The evaporative loss slightly decreases during the day when many of the workers have left the nest for foraging. The transmission loss rate is dominant during the night, but in the afternoon moisture driven loss is equally important. Figure 3b shows the relation of evaporative loss and sorption loss/gain to transmission loss. Evaporative loss equals transmission loss during the afternoon and varies between 25 and 50% of it during the rest of the day. Loss by desorption of moisture from the nest material is about half the size of transmission losses during certain times of the day, adsorption gains at night compensate up to 20% of the transmission losses during the night. However, this only happens late in the colony's development when a considerable amount of hygroscopic nest material is accumulated.

Conclusion

The moisture regime plays an important part in the regulation of the nest environment of social wasps, which has not been quantified so far.
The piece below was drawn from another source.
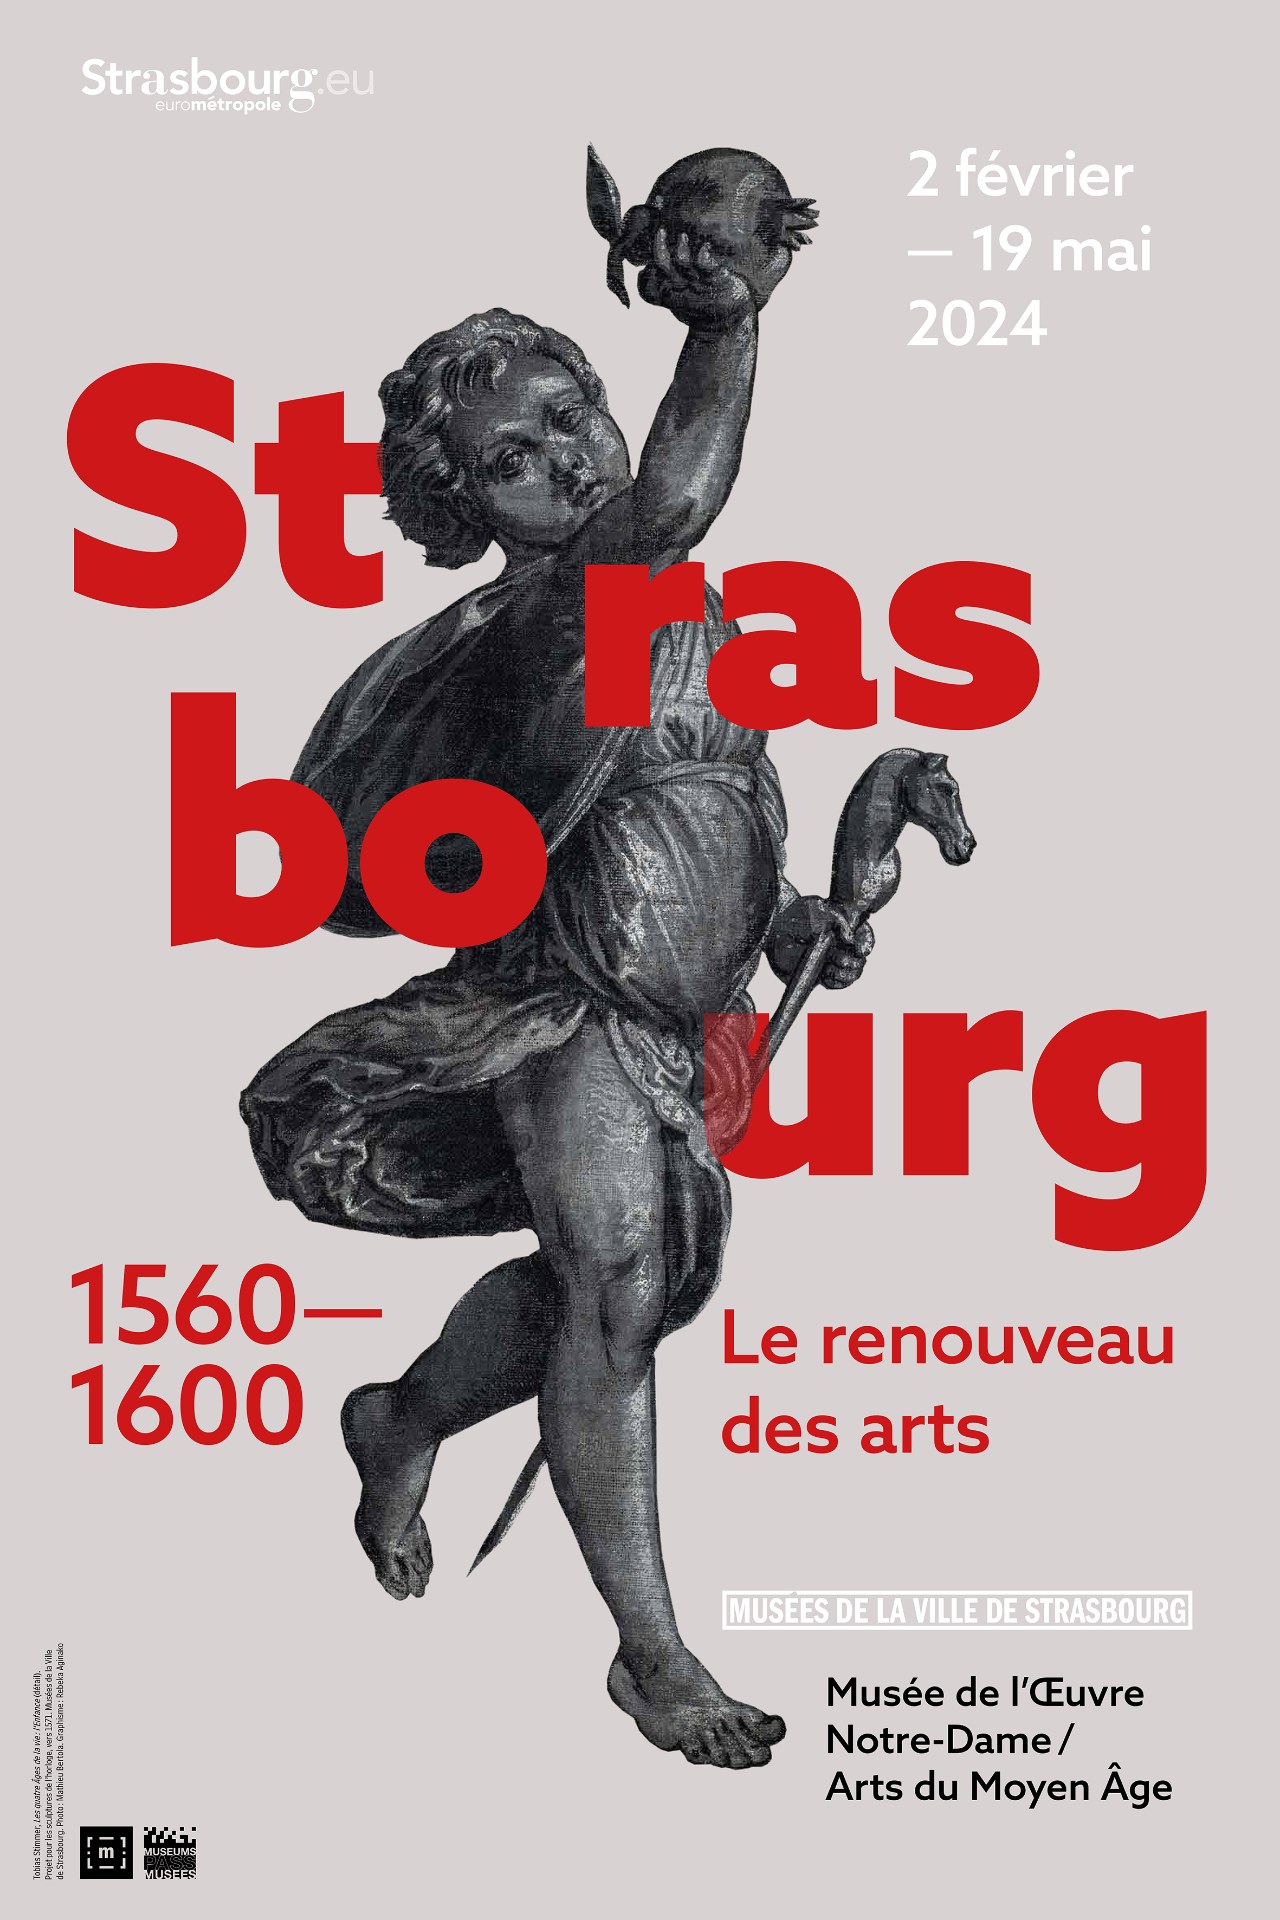 Strasbourg 1560-1600. Die Erneuerung der Knste

Especially during the day moisture is responsible for over 50% of the total heat losses. The water loss of the insects influences the thermal nest environment in two ways, by driving circadian sorption processes and by consuming heat of evaporation inside the nest. As both mechanisms involve latent heat they significantly influence the general thermal environment of the wasp nest. Similar passive and energy efficient mechanisms might also be found in construction of other social wasps or social insects such as termites (Turner 2000). They could also inspire the functional design of man-made low-energy constructions. It seems likely to us that these moisture-related processes are important but so far neglected factors in our knowledge about social insect nest thermoregulation in general.

Further research should focus on the quantitative influence of ventilation on the moisture-related processes and the effect of moisture condensation within the envelope.